“The voting machine is not a big problem,” said a confident Salomon Bagheni, a resident of the town of Beni in the Democratic Republic of Congo. “The essential thing is holding the elections on Dec. 23 to bring new leadership to this country.”
By “new leadership,” Bagheni meant a new head of state after 18 years of one man rule. President Joseph Kabila – the dominating figure of Congolese politics – had defied the constitutionally allowed limit of two 5 year terms and appeared set to remain in power. Opposition by civil and human rights groups finally pushed him to promise free elections which critics are observing cautiously.
The Kabila years were marked by incessant conflict, lethal crackdowns on pro-democracy activists, rape used as a weapon of war, theft and corruption that the government acknowledges accounted for a loss of billions of dollars of national income, according to Human Rights Watch. The N.Y.-based group further found that 500 opposition supporters were killed and 1,000 were arrested during the two years since Kabila’s election.
With the recent burning of some 7,000 voting machines in an election commission warehouse in Kinshasa, new fears have been sparked that President Kabila will pull strings so that his handpicked candidate, Emmanuel Ramazani Shadary, will take over. Two popular candidates of the opposition have already been stripped of their eligibility to run. This has disappointed the European Union which has imposed sanctions on Shadary over violent crackdowns on protests and repeated delays to the election.

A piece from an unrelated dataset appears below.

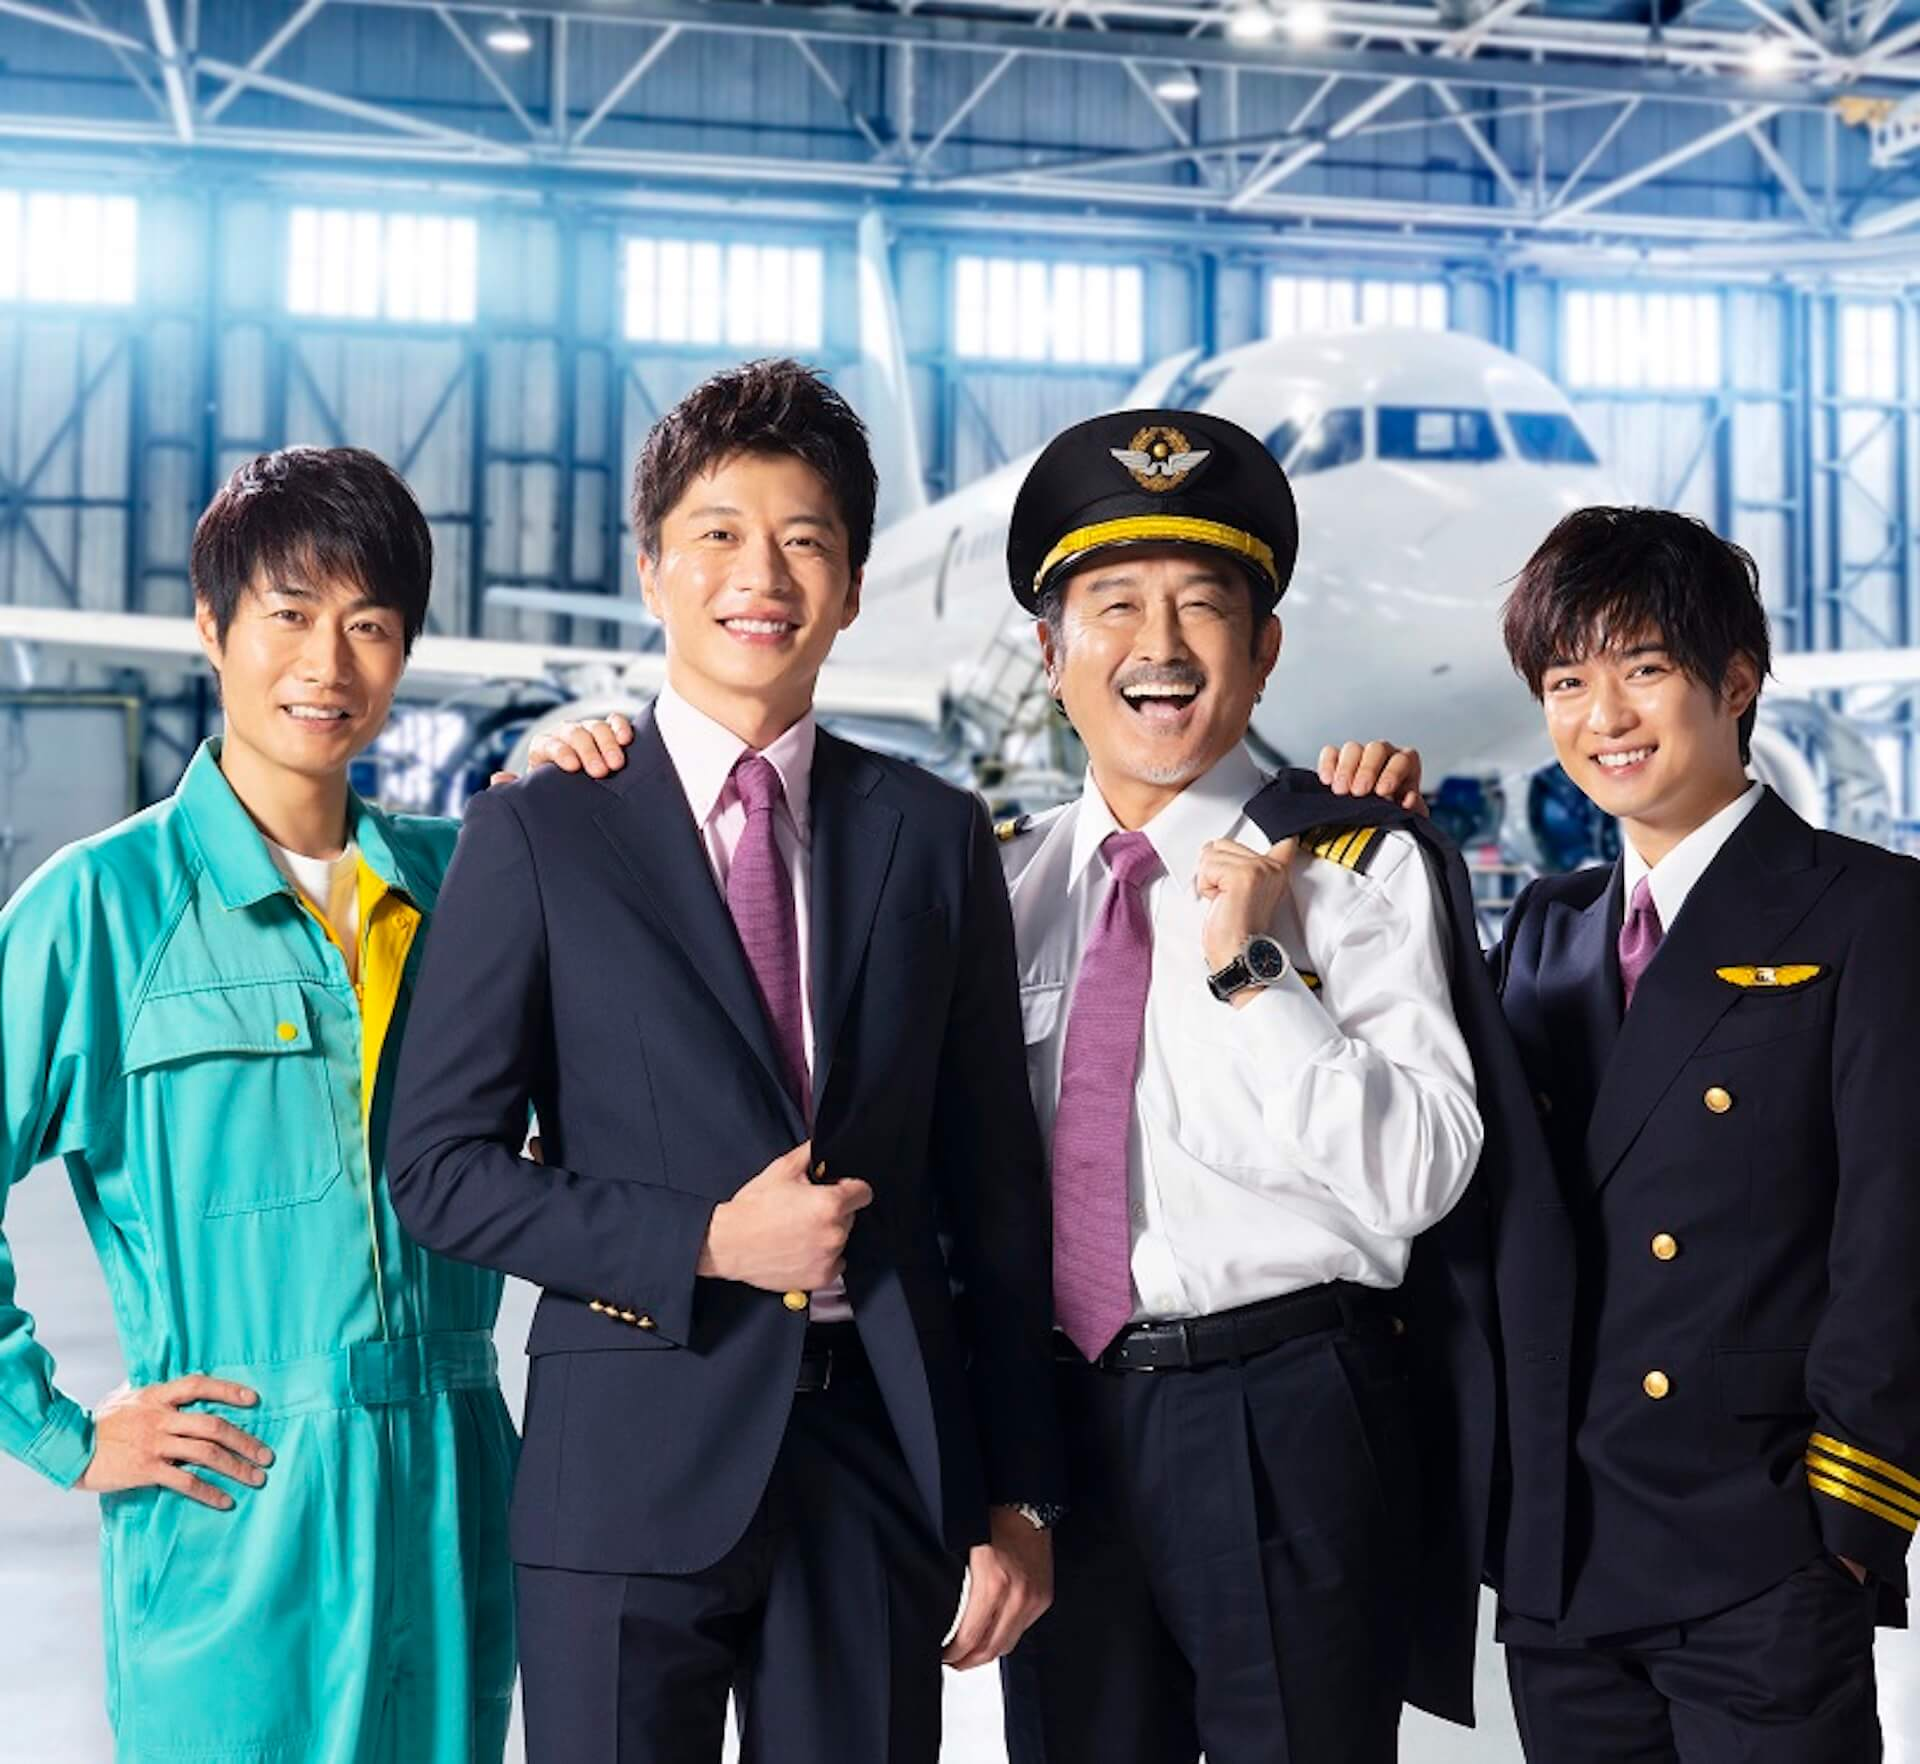 sumika新曲「願い」、『おっさんずラブ -in the sky-』の主題歌に!はるたん役田中圭からコメントも music191018_sumika_ossanslove_2
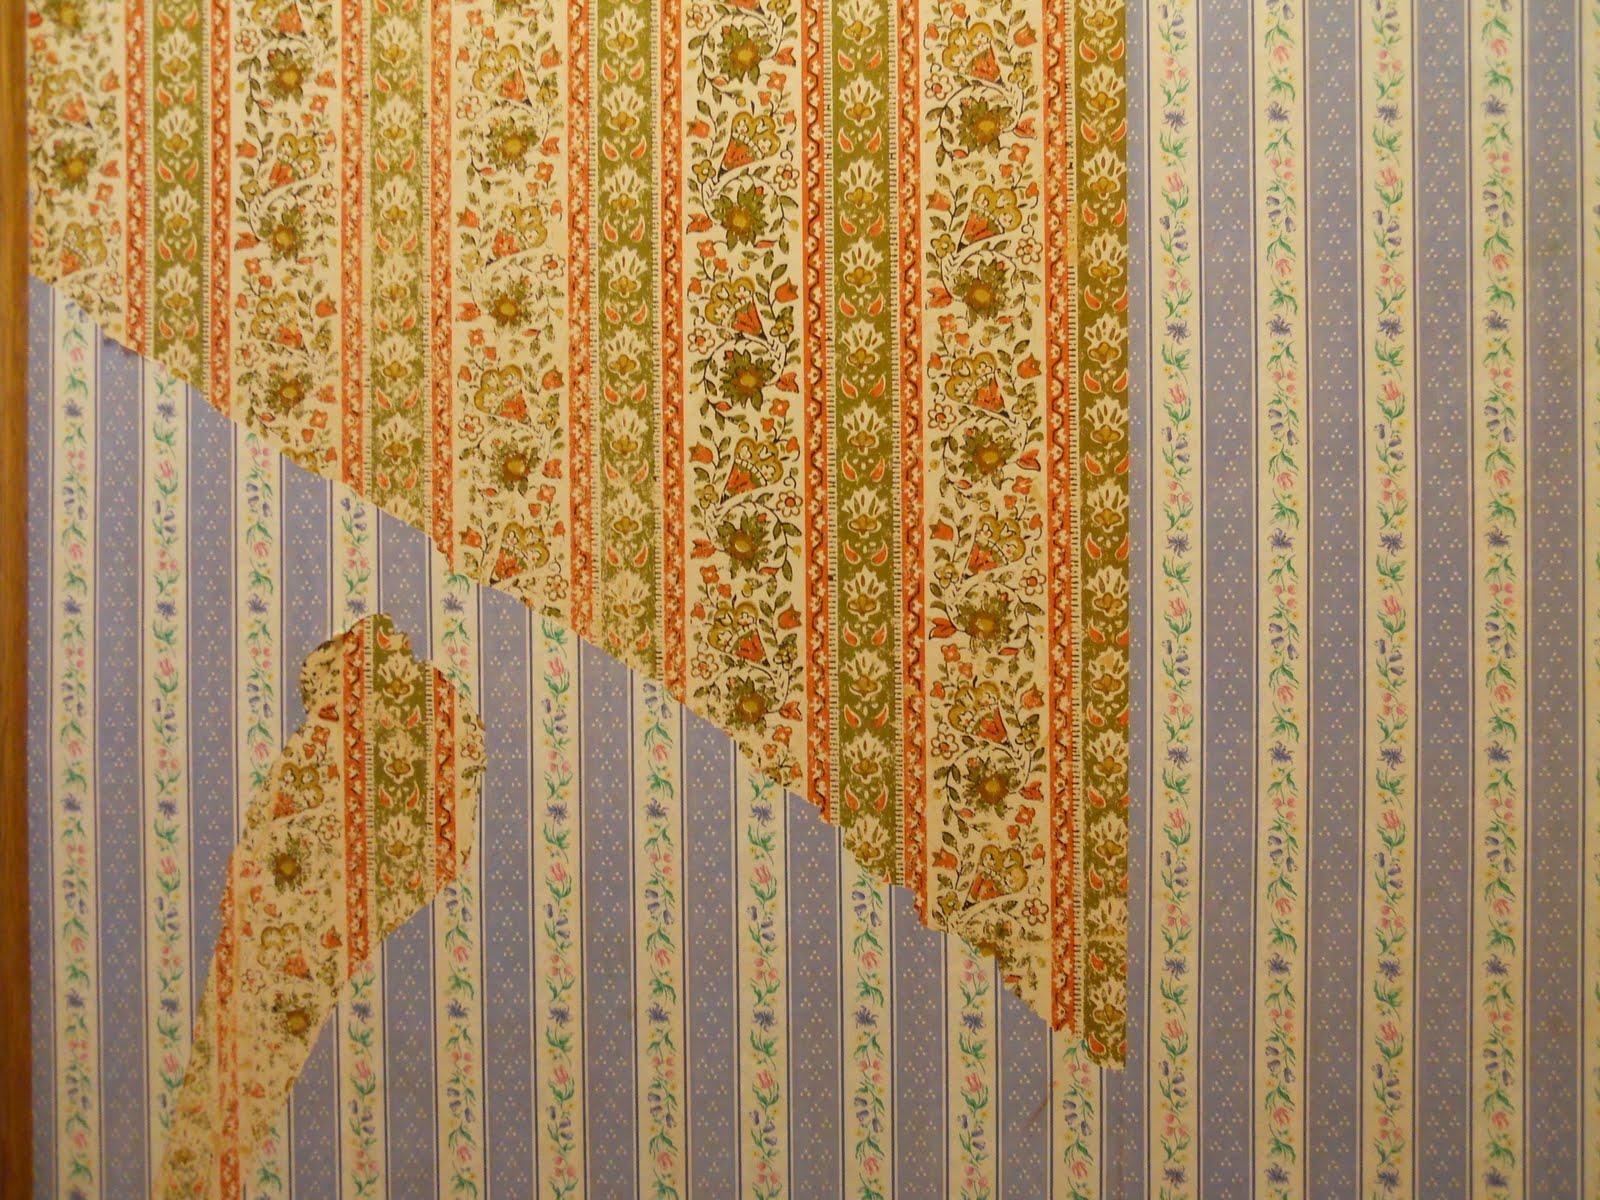 Wallpaper ugly - Ugly face wallpaper ...

The new voting machines were made by a South Korean company and were said to be easy to jerry-rig. They could also pose a technical nightmare in a nation of more than 40 million voters where just 9 percent of Congo has electricity and dozens of rebel groups are active.
“We cannot accept people inventing stories that trample our constitution,” said Clovis Mutsuva, a Beni resident with the LUCHA activist organization.
Meanwhile, some 21,000 facilitators are being trained to use the new voting machines which will be introduced in cities, remote towns, Bantu communities and places like Beni that are essentially war zones.